De priester-dichter Jacques Schreurs (Sittard, 1893 – Weert 1966) was kapelaan onder mijnwerkers en woonwagenbewoners in Limburg. Hij is de Eric Odekerke, uit zijn autobiografische roman Kroniek eener parochie, dat door de KRO als Dagboek van een Herdershond werd uitgezonden en miljoenen kijkers trok.
Schreurs haalde fel uit naar de mijnbaronnen en de geestelijkheid. Hij kwam op voor jongens met mijnangst, hun onderbetaalde vaders en te kinderrijke, overbelaste moeders. Het werd hem niet in dank afgenomen. Hij kreeg veel anonieme verwijten (taakverwaarlozing) en verdachtmakingen (relaties met vrouwen) over zich heen. Hoewel hij als romanschrijver werd vergeleken met Arthur van Schendel en als dichter met Gezelle, Gorter en Boutens werd hij toch vaak ál te kortzichtig slechts ‘gewaardeerd’ als de lichtvoetige, lyrische Limburger en propagandist van de goede God.
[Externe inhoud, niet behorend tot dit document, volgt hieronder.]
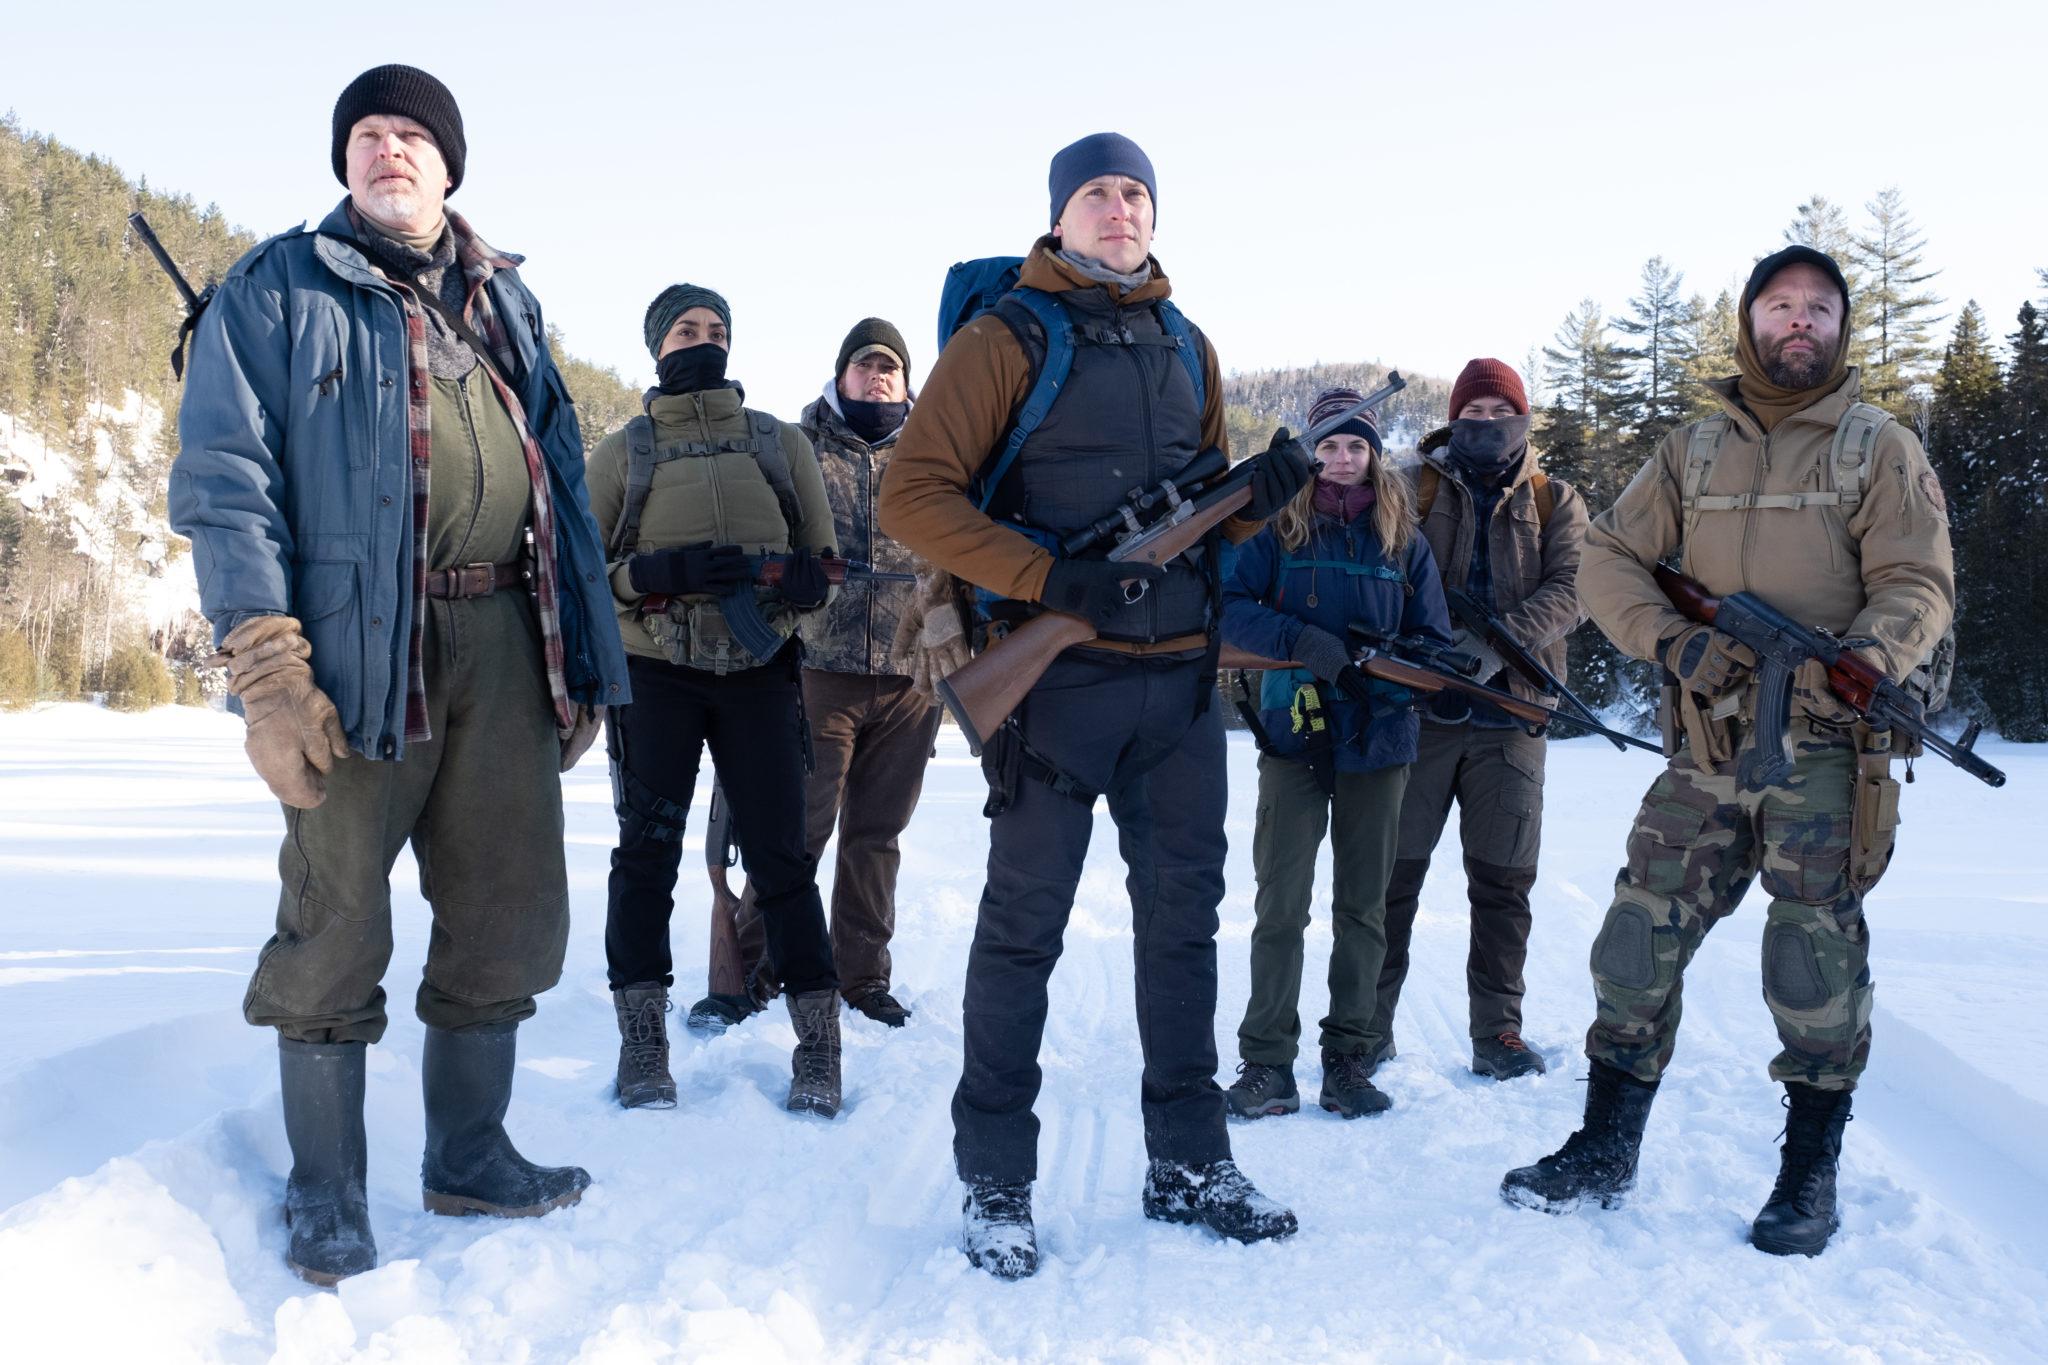 Die komplette Gruppe der Teilnehmer steht mit Ausrüstung und Bewaffnung auf einer großen Schneefläche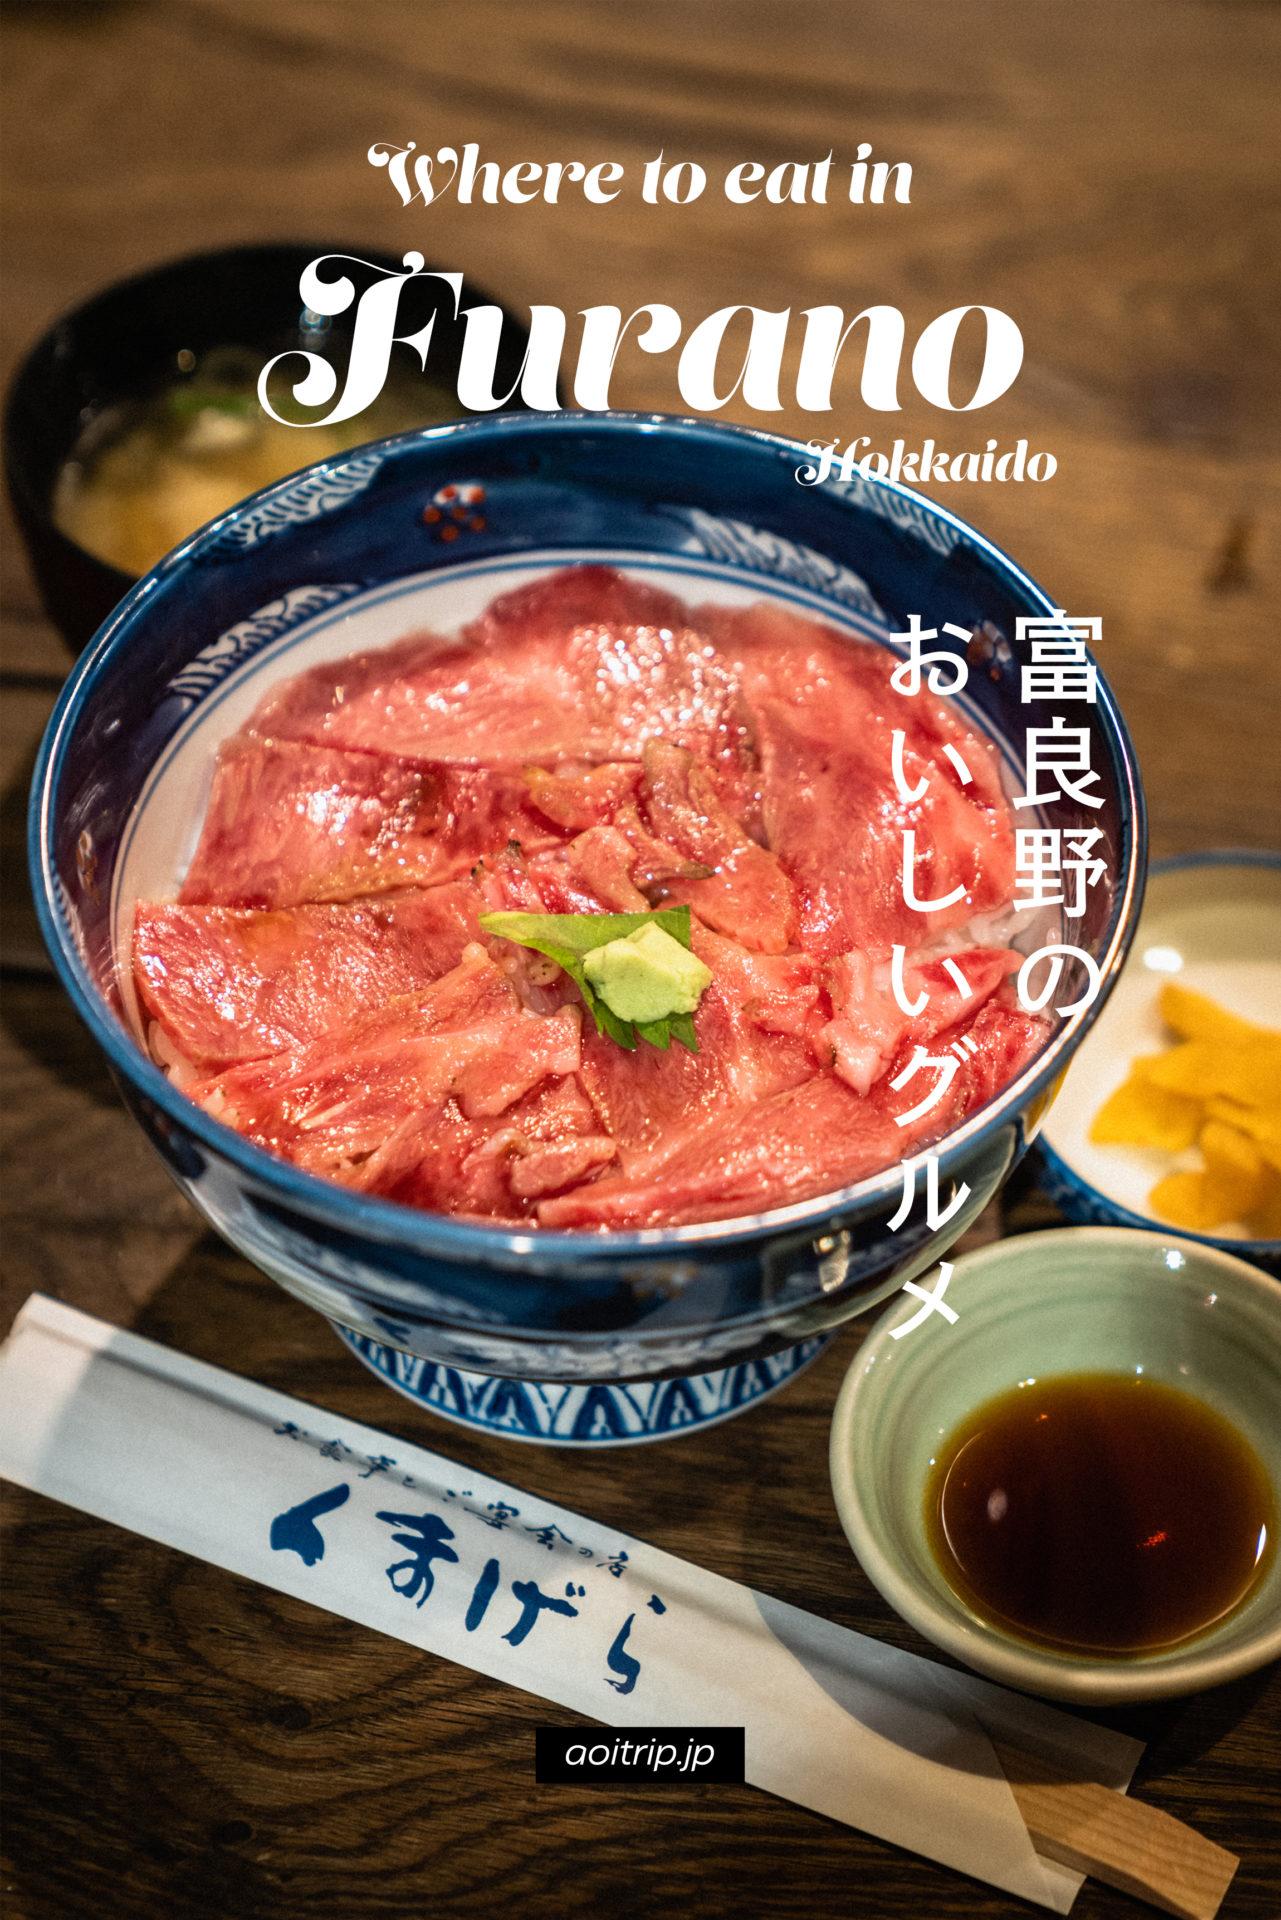 北海道 富良野旅行で食べた美味しいグルメ Where to eat in Furano, Hokkaido

Hij had weinig contact met andere literatoren, ondanks zijn talrijke bijdragen aan de literaire tijdschriften. Zoveel te meer met beeldend kunstenaars.
De handigste was hij niet. Zijn gratiepleidooi voor de ter dood veroordeelde NSB-leider Anton Mussert en zijn oproep mildheid te betonen jegens collaborateurs zette veel kwaad bloed. Als ex-gedetineerde van het ‘Oranjehotel’ én als priester meende hij recht van spreken te hebben. Uiteindelijk werd hij benoemd tot rector in kleine zusterkloosters en vrijgesteld voor literair werk. Een enorme productie volgde. Hij was een schrijfdier. Hoewel zijn priesterschap de waardering voor zijn werk parten speelde – het antiklerikalisme groeide – bleef hij het ambt trouw. Wel voelde hij zich steeds eenzamer.
Nederlands laatste grote priester-dichter, die dankzij radio en televisie en zijn gevarieerde oeuvre – toneel, romans, biografieën, korte verhalen, gedichten en gezangen – een stempel drukte op generaties (katholieke) Nederlanders stierf ‘eenzamer dan ik ben ingegaan’. Juist op tijd droeg minister van onderwijs Jo Cals hem op Gedichten over de Ouderdom te schrijven. Een officiële erkenning voor de man – witte raaf onder zwarte kraaien – die geen enkele onderscheiding werd gegund. Hij verdient alsnog een praalgraf in Stein, waar hij werd begraven. En een biografie.